**Stored data**

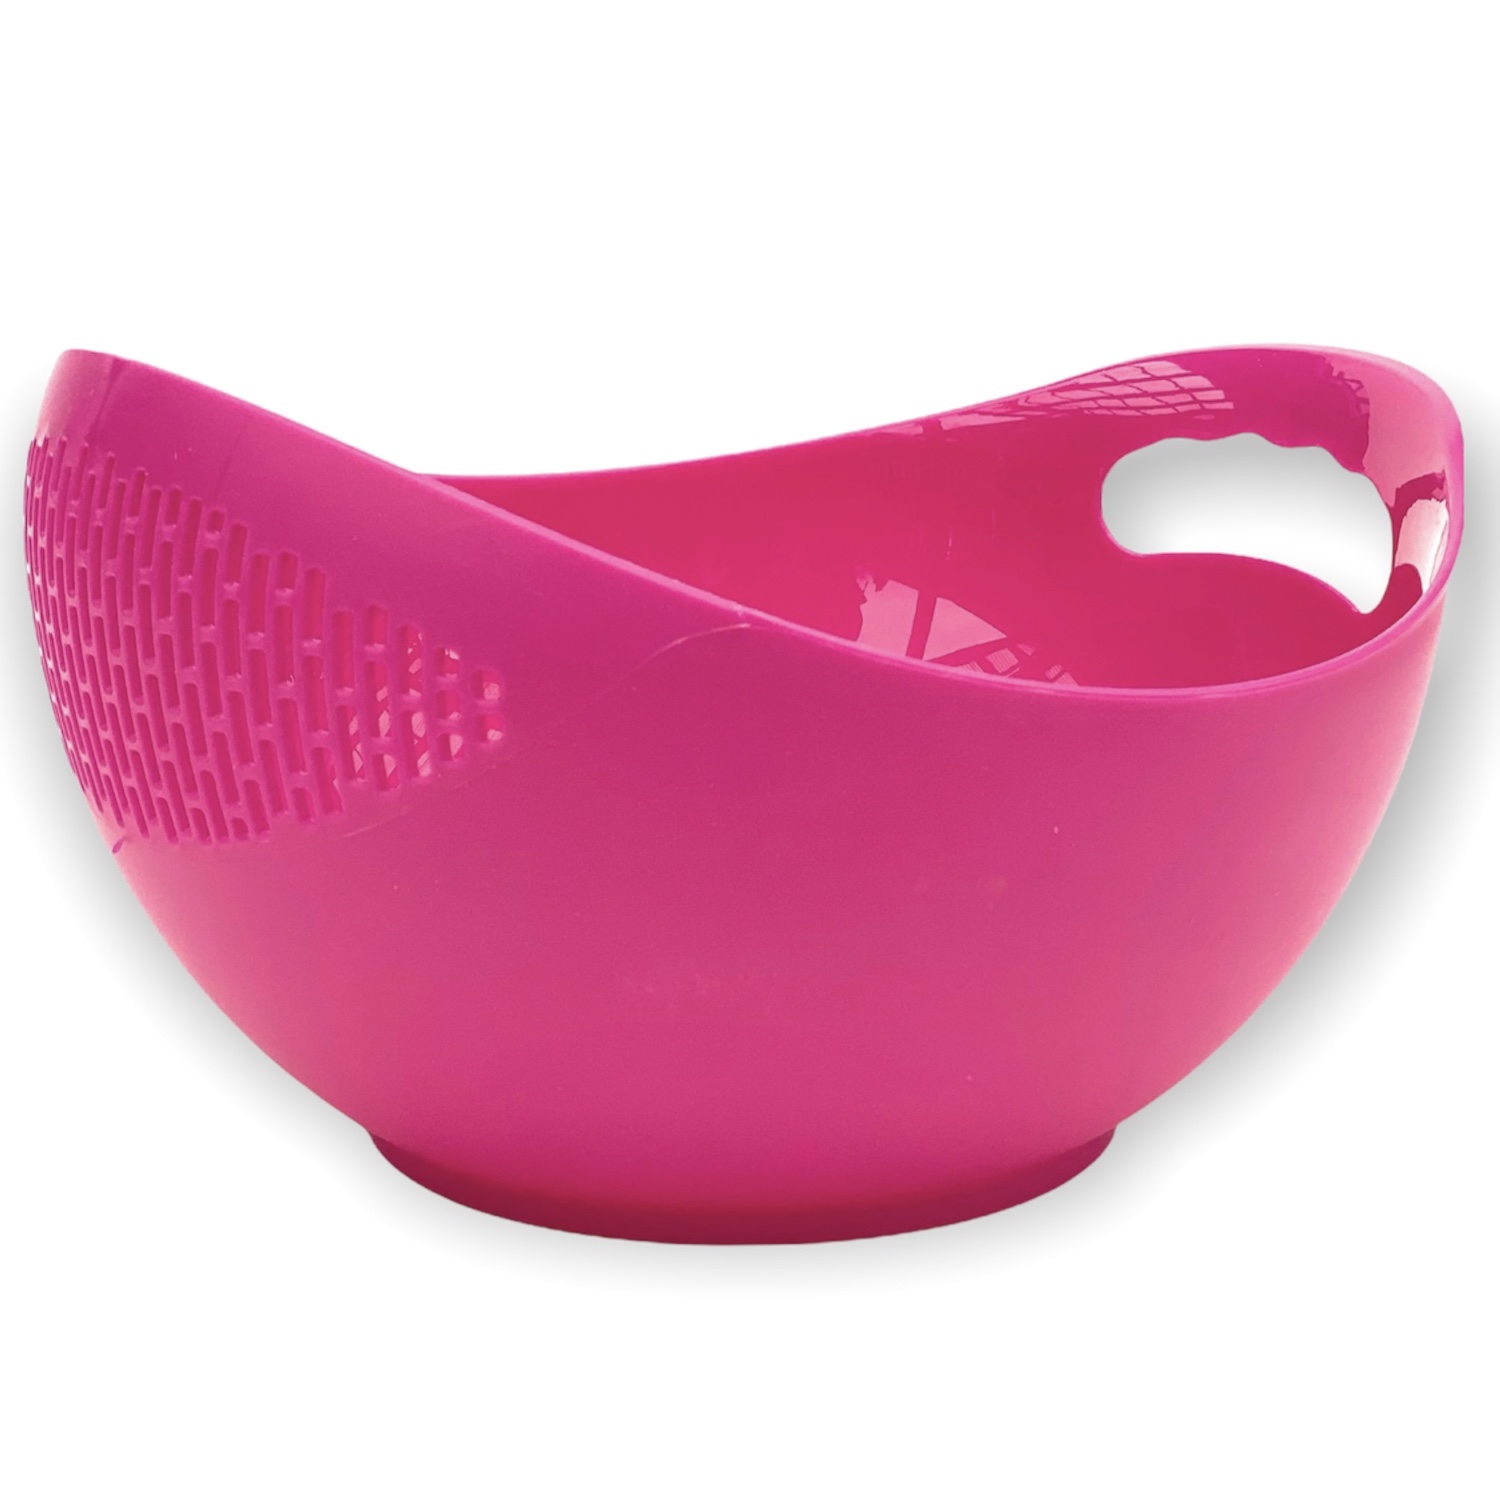 Nudelsieb Pink 521 Kunststoff Waschschüssel Salatschüssel DanDiBo-Ambiente Spülmaschinenfest - Küchensieb Sieb Abtropfsieb mit Schüssel
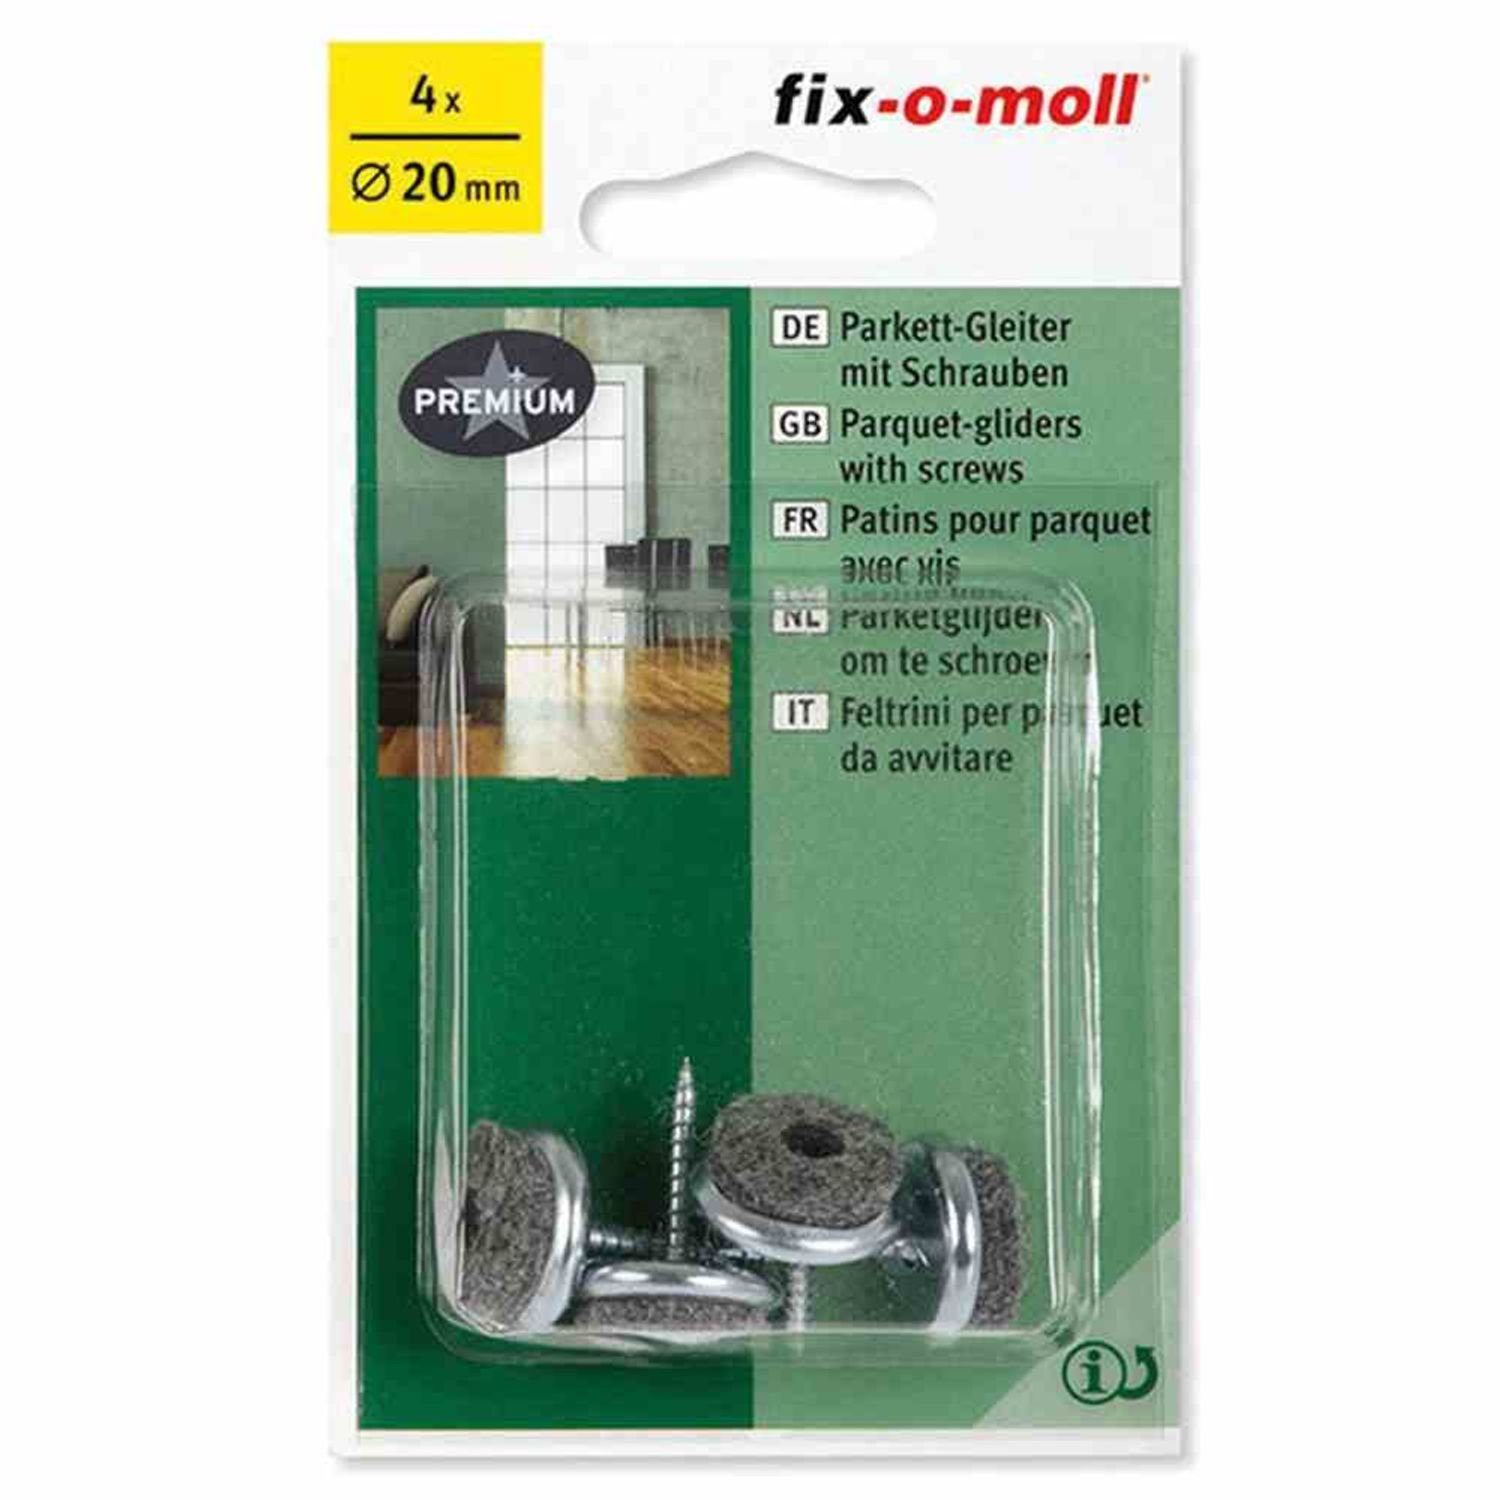 Fix-O-Moll Filzgleiter Parkettgleiter mit Schraube 20 mm 4 Stück
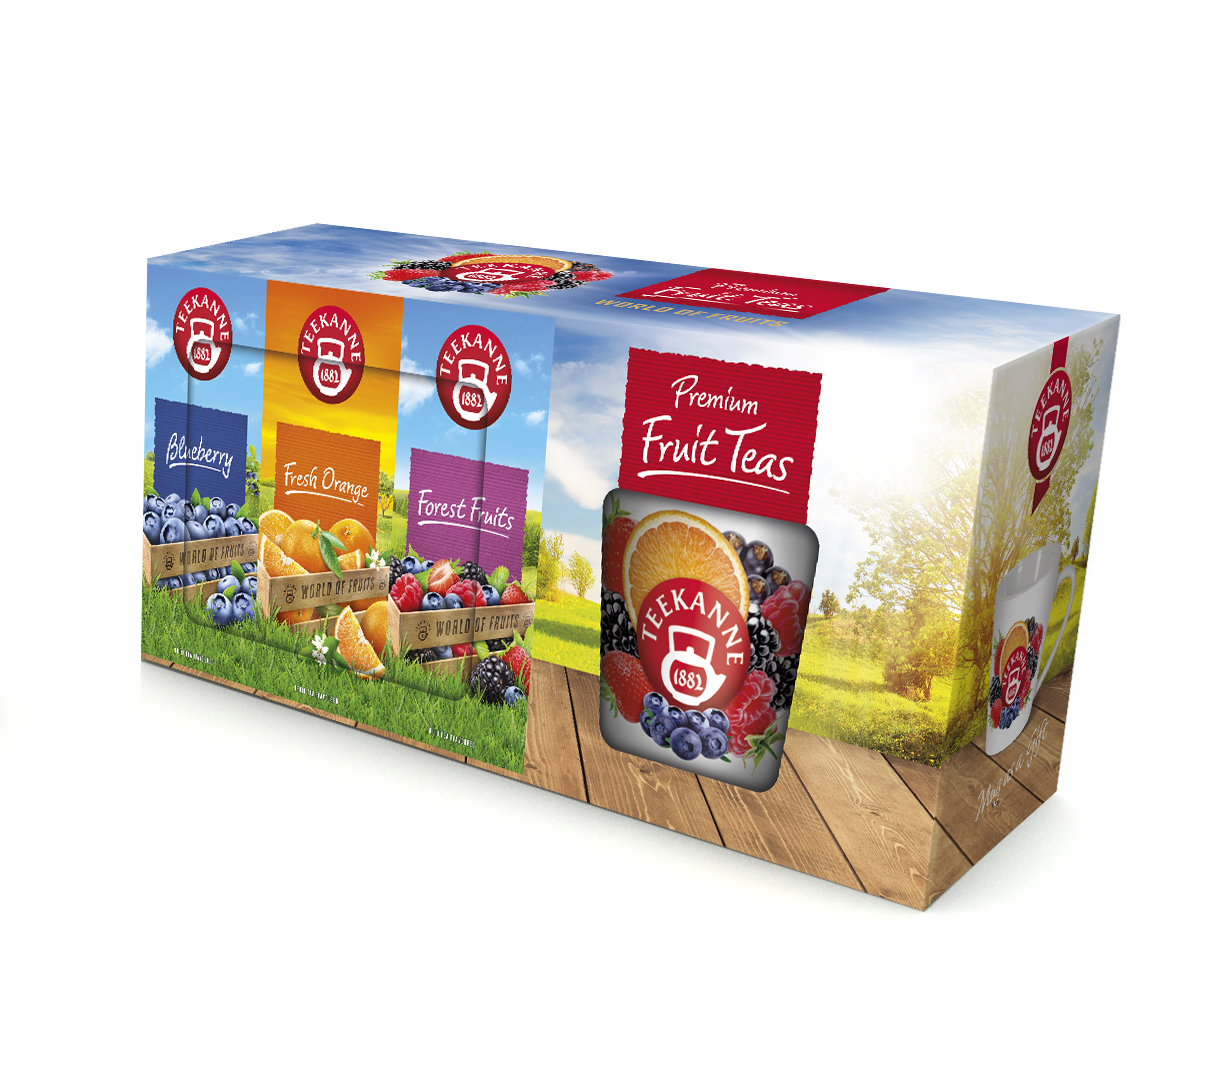 Teekanne Premium Fruit Teas 3x20 sáčků + hrnek Teekanne

**Problem to solve**
What is needed is an exact repeat of only the lines from the one containing "Fix-O-Moll Filzgleiter Parkettgleiter" through the last line of the listing above, both ends included, without the pictures.

**Answer to the exercise**
 Fix-O-Moll Filzgleiter Parkettgleiter mit Schraube 20 mm 4 Stück
 Teekanne Premium Fruit Teas 3x20 sáčků + hrnek Teekanne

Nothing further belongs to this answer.